Si la laïcité a fait l’entier de son chemin dans les constitutions qui sont matériellement les plus révolutionnaires, même si certaines conservent une référence à dieu ou des institutions dont les racines sont judéo-chrétiennes, cette question est aujourd’hui respectivement dépassée, revenant par la fenêtre ou un enjeu aigu – comme en Egypte. L’irrationalité philosophiquement inhérente à toute religion en rend les principes inarbitrables – et donc difficilement solubles dans un processus démocratique agissant en temps réel et en prise directe. Pour autant, ce qu’a dit ou voulu un dieu qui n’existe pas demeure être une création humaine collective sociale fonctionnant simplement avec la distinction du transfert sur une volonté tierce immatérielle présumée ou affirmée. Le degré de nature démocratique ou consensuelle de règles prises dans le cadre religieux est donc historiquement et culturellement variable, avec le défaut lui invariable et démontré de l’exploitation de l’irrationalité et de l’inaltérabilité qu’elle permet par une minorité aux dépens des autres. Il y a lieu de distinguer dans des règles de source religieuse celles dont le caractère est exclusivement d’organisation sociale de celles qui comportent une part élevée ou inhérente d’irrationalité. Celles-là seront à jamais inconciliables avec la démocratie. Faut-il craindre ainsi des constitutions reprenant la loi religieuse ou des textes dits saints ?

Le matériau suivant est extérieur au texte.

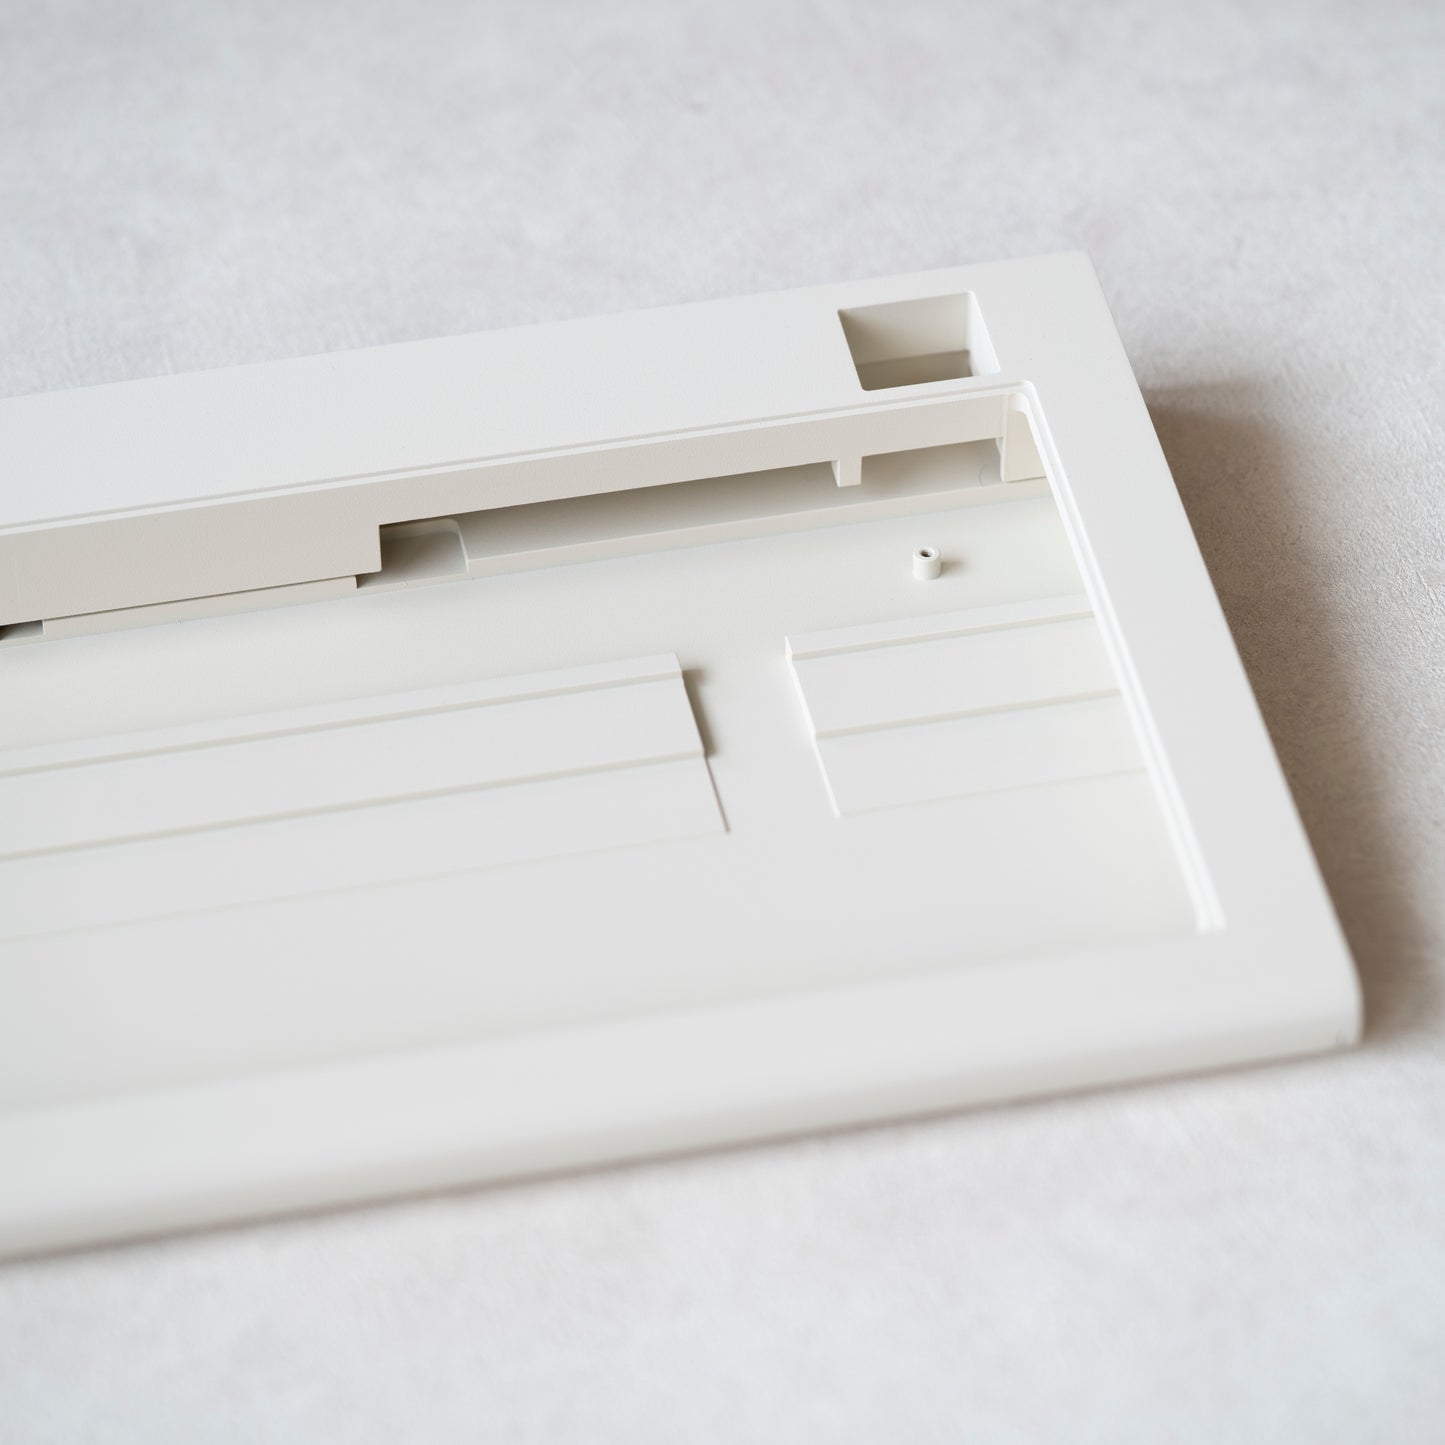 
                  
                    (Group Buy) Model OLED Keyboard Kit

Philosophiquement certainement – et le catalogue est long des règles et institutions religieuses liberticides et anti-démocratiques dont il a fallu des siècles pour venir à bout dans les constitutions révolutionnaires modernes au bénéfice de tous. In casu cela représente plus probablement un passage obligé – mais dans une évolution qui ira bien plus vite que ce qu’il a fallu au monde chrétien depuis les Lumières pour y parvenir.